Уход Великого Князя с поста генерал-губернатора для министра юстиции Николая Валериановича Муравьева, который был в высокой степени умный, ловкий и замечательно талантливый человек, был признаком того, что наступает эра всевозможных случайностей и катастроф, а поэтому, как крысы перед бурей покидают корабль, так и он решил устроиться где-нибудь в более тихой бухте, понимая, что всю эту карьеру, в сущности, ему сделал Великий Князь Сергей Александрович, что пока еще Сергей Александрович в силе, а там, Бог знает, что будет, - может быть у него уже было предчувствие, что Великому Князю Сергею Александровичу, с одной стороны, вследствие своей прямолинейности и ограниченности, а с другой стороны, чести и благородства - не сдобровать, что анархисты будут на него точить зубы. В виду этих обстоятельств и после всех этих событий, - Муравьев упросил Великого Князя Сергея Александровича походатайствовать перед Государем, чтобы его сделали послом, причем он очень ходатайствовал, чтобы его назначили послом в Париж; но в Париж никак не могли открыть вакансии. Когда же открылся пост в Вене, - туда был назначен римский посол Урусов, - а Муравьев был назначен в Рим1 . (1 * Муравьев человек с большим талантом речи, образованный, умный, но что касается нравственности - очень слаб Если бы он не был Муравьев, а родился в семье какого-нибудь мещанина Иванова, то, конечно, давно бы кончил очень плохо.
Когда я оставил пост председателя совета министров и явился к Государю откланяться, Он мне, между прочим, сказал, что хотел предложить место председателя совета Муравьеву и прибавил:
- Но он пользуется такой дурной репутацией, как человек, что Я оставил эту мысль.

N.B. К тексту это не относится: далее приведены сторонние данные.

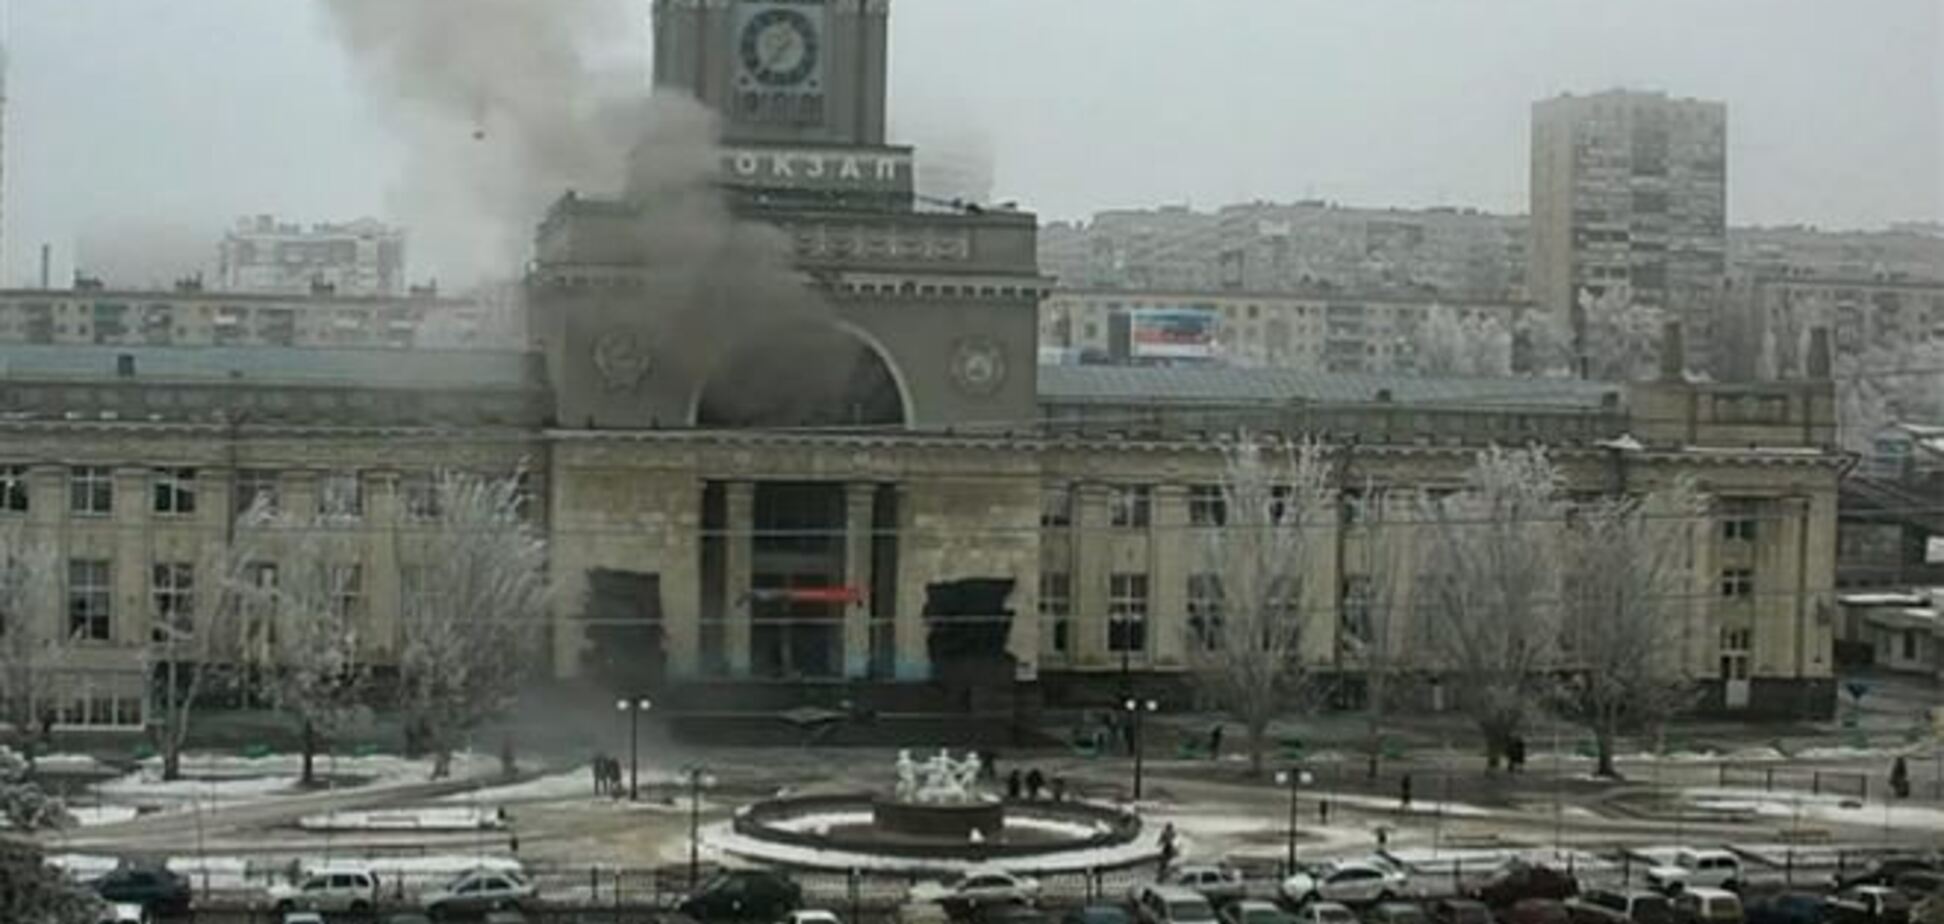 Теракт у Волгограді ставить під сумнів безпеку Олімпіади в Сочі - західні ЗМІ

Тем не менее это не помешает Государю при случае назначить его на другой выдающийся пост.*).
Если бы только указ 12 декабря, даже и с вычеркнутым пунктом получил быстрое, полное, а главным образом, искреннее {303} осуществление, то я не сомневаюсь в том, что он значительно бы способствовал к успокоению революционного настроения, разлитого во всех слоях общества.
К сожалению, как это будет видно из последующих моих рассказов, осуществление указа встретило скрытые затруднения, а затем и крайне неискреннее к нему отношение - через несколько недель после того, как этот указ был издан.
Вследствие этого, указ 12 декабря не мог послужить к успокоению общества, а напротив, иногда служил еще к большему возбуждению. общества, ибо если не все, то часть общества скоро и легко разобралась в том, что то, что было дано, уже желают свести на нет.
{304}
ГЛАВА ДВАДЦАТЬ ТРЕТЬЯ
9 ЯНВАРЯ
6-го января, во время традиционной процессии крещения, когда Его Величество со всем духовенством и блестящею свитою вошел в беседку присутствовать на освящении воды митрополитом и когда, после этого священного акта, традиционно с Петропавловской крепости, находящейся против беседки, на другой стороны Невы, начали стрелять орудия, то оказалось, что одно из орудий было заряжено не холостым зарядом, а боевым, хотя и весьма устарелым, тем не менее если бы этот снаряд попал в беседку, то он мог бы произвести большую катастрофу.